В «стакане» сырой воздух улицы перемешался с запахом постоянных «посетителей», но относительный уют создавал электрический обогреватель. Офицер достал кружку и поставил перед Климом, рядом с кружкой сержант положил пирожок. Клим достал бутылку водки и налил в кружку. Посмотрел на милиционеров, горько усмехнулся и выпил, не притронувшись к пирожку.
— Закурить можно тут?
— Кури. Можно даже закусить, тебе же куплено, — произнес сержант.
— Я так понимаю, я сейчас пью, а потом вы меня в обезьянник принимаете, — предположил Клим, имевший горький опыт в отношениях с милицией.
— Значит так, — офицер взвешивал каждое свое слово, — сопли свои можешь нам тут не разматывать. Явно не по случаю опоздания барышни твой вокзальный банкет. Водка, стакан не для себя, куска хлеба только не хватает, цветы… В общем, я примерно понимаю, что у тебя произошло. Слышишь меня? Я сказал: «Примерно», — но ключевое слово тут «понимаю». И давай договоримся, что с подобным визитом ты здесь последний раз. Как твое имя?
— Клим мое имя. Разреши мне выпить, и я пойду. Я живу здесь недалеко.
Офицер взял бутылку и налил водку в кружку.
— Упс… Рулевой едет к нам, — сообщил сержант, глядевший на улицу.
— Чего это нелегкая принесла его сюда? Подожди, Клим, не пей пока.
В «стакан» ввалился толстенький милиционер необычайной важности. Оглядев присутствующих, произнес:
— Так, что у вас тут? — и, не делая паузы, определив статус Клима, заявил: — Ну что, дань собираешь тут или мелочь у граждан тыришь? Водку, как я посмотрю, любишь, да? На, сука, разотрись, чтобы не простыл, — после чего прибывший милиционер, которого сержант назвал «Рулевым», взяв бутылку с водкой, вылил ее Климу за воротник куртки.
Клим сидел как каменный, он даже не отреагировал на выходку Рулевого.
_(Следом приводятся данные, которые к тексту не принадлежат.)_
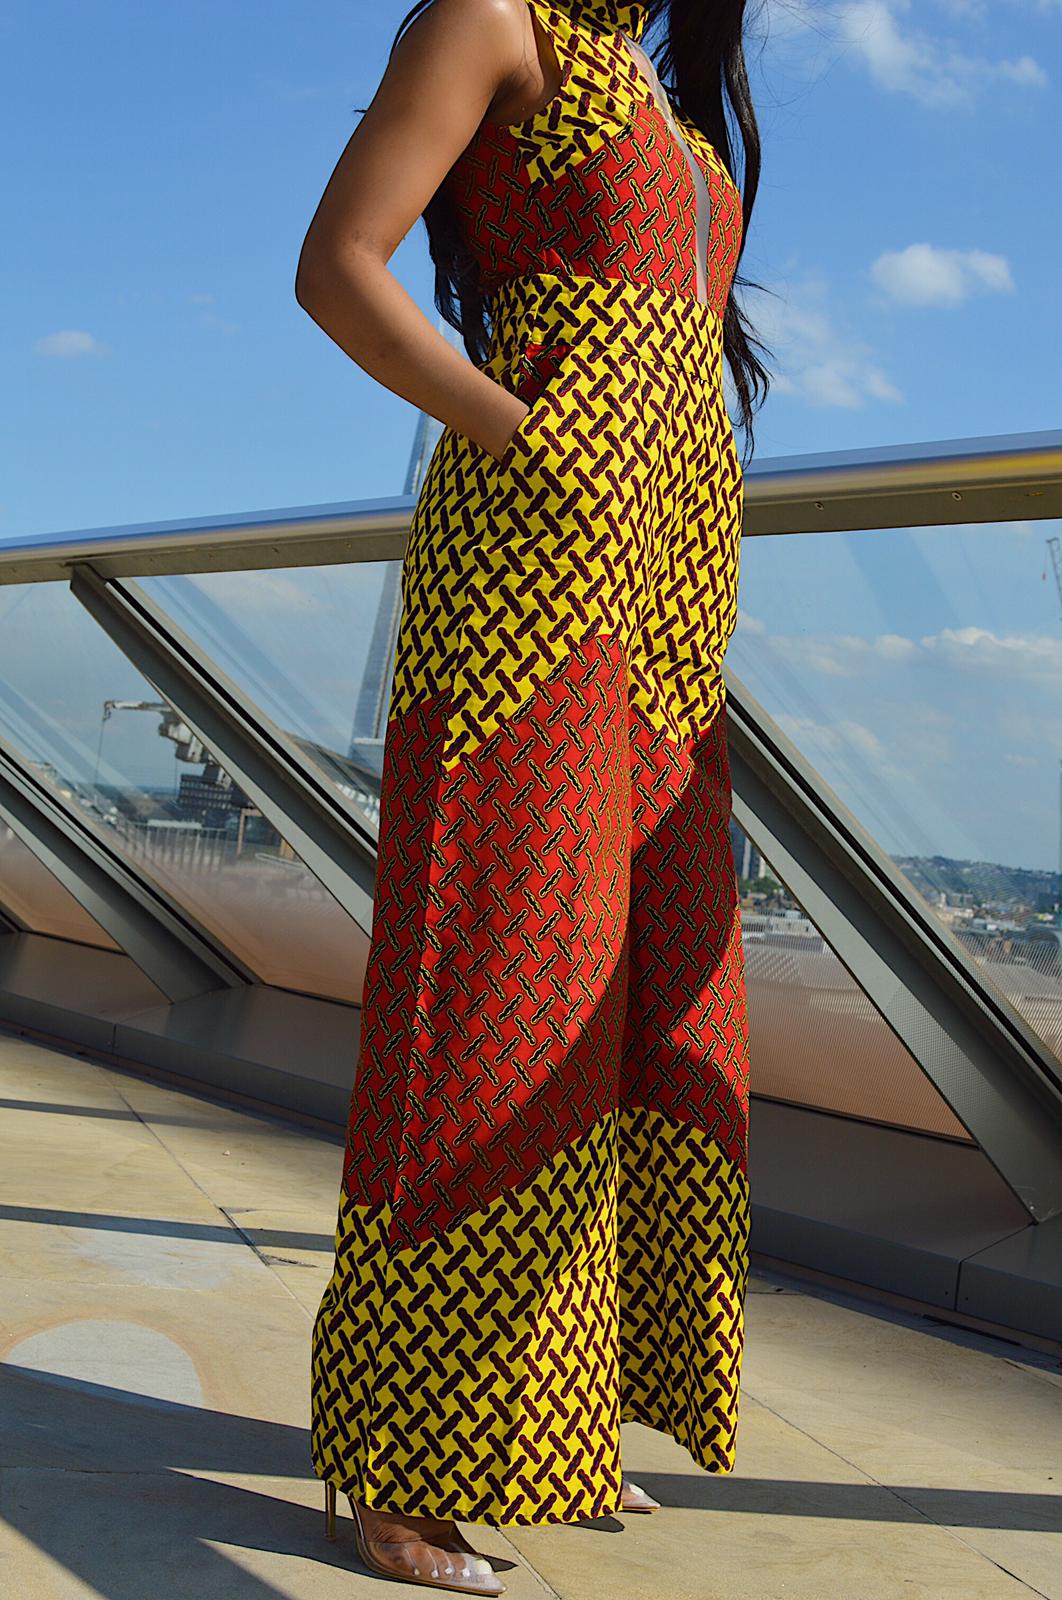 Monica African Print Ankara jumpsuit - Afrothrone

— Документы проверили у этого гопника, а по базе пробили, или все вас учить надо? — еще больше распалялся тот, не встречая сопротивления, и опять обратился к Климу. — Встать, когда с тобой закон разговаривает!
— Слушай, ты чего сюда приехал, а? — спросил патрульный офицер. — Это мой человек, мы беседуем. Тебе что за нужда вмешиваться? Сидел бы в кабинете с бумажками.
— А я ответственный и смотрю, что у вас тут бардак! — понесло Рулевого. — С жульем уже бухаете вместе. По рапорту мне в кабинет с каждого после смены. И подробно все описать.
— Ну ты и сука, Рулевой! — вдруг угрожающе заговорил офицер. — Ты, тяжелее ручки ничего в своей жизни не поднимавший, еще будешь мне указывать, как работать? Ну что, теперь уволить меня захочешь, так смотри, самого на улицу поставят рвань собирать. Пистолет дадут, которого ты так боишься. Будет тебе от меня рапорт.
Рулевой разинул рот от неожиданности. Клим, не торопясь, встал с табурета и, не поднимая взгляда на Рулевого, резко ударил его в челюсть снизу вверх ладонями, сцепленными в «замок», таким способом отбивают мяч в волейболе.
— Хн… — все, что смог произнести Рулевой, лязгнул зубами и, закатив глаза, спиной ввалился через открытую решетку в камеру для административно задержанных граждан.
Патрульные кинулись к Климу и скрутили руки за спиной:
— Дурак, ты понимаешь, что это срок! — произнес сержант, потом тихо добавил, обратившись к офицеру: — Хотя у меня давно уже было желание втащить Рулевому. Та еще скотина.
Клим не сопротивлялся, и его усадили на табурет, отпустив руки. Рулевой лежал на полу в клетке и мычал, бешено вращая глазами.
— Кажется, челюсть у него сломана, — решил патрульный офицер, осмотрев Рулевого, после чего обратился к сержанту, — Вызывай «Скоряк», ну и «дежурку» тоже. Сейчас начнутся «качели».
— Давай ему водки вольем? — шепотом предложил сержант. — Хотя он все вылил, скотина.
Скорая помощь приехала быстро и увезла Рулевого.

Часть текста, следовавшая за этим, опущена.